*ABOUT THIS TASK*
Copy out the data line by line exactly, from its start to the line bearing "Philip Mounbatten à", inclusive.

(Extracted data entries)
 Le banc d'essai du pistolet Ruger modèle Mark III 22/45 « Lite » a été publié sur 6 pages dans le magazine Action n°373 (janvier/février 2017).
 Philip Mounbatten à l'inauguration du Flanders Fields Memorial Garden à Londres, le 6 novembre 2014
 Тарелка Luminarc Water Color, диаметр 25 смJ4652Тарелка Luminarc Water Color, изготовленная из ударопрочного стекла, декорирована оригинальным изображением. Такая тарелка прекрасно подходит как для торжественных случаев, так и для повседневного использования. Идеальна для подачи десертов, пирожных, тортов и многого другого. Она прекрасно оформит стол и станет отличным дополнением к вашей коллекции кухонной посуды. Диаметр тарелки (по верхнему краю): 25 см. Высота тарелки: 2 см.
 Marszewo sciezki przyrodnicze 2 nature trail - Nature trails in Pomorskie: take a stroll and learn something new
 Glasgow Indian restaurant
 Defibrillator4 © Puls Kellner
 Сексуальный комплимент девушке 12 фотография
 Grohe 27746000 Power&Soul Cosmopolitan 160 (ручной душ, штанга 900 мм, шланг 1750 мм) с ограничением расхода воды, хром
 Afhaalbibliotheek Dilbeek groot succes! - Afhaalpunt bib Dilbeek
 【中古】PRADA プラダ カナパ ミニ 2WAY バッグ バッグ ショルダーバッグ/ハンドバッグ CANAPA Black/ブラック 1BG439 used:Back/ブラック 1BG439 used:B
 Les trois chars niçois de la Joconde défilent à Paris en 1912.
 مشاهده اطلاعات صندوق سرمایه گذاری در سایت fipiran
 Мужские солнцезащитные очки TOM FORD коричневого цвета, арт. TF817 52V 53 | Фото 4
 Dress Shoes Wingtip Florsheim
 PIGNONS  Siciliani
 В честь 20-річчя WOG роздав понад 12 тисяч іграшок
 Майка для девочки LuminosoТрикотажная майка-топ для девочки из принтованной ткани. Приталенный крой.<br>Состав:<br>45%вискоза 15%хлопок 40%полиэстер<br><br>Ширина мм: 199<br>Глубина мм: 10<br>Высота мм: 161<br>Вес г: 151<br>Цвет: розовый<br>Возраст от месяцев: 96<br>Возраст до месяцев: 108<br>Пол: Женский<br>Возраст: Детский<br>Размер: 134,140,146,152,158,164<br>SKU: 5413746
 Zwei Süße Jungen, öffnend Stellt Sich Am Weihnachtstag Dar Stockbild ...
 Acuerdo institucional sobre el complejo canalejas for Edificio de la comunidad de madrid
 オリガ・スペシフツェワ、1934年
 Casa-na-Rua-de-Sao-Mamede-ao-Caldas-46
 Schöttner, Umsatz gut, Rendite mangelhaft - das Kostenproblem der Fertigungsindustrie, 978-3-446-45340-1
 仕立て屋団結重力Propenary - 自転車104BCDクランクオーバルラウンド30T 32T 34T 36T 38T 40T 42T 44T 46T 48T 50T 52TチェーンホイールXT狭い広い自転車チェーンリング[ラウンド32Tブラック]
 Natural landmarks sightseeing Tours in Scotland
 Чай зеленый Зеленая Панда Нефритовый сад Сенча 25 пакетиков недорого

*ANSWER TO THE EXERCISE*
 Le banc d'essai du pistolet Ruger modèle Mark III 22/45 « Lite » a été publié sur 6 pages dans le magazine Action n°373 (janvier/février 2017).
 Philip Mounbatten à l'inauguration du Flanders Fields Memorial Garden à Londres, le 6 novembre 2014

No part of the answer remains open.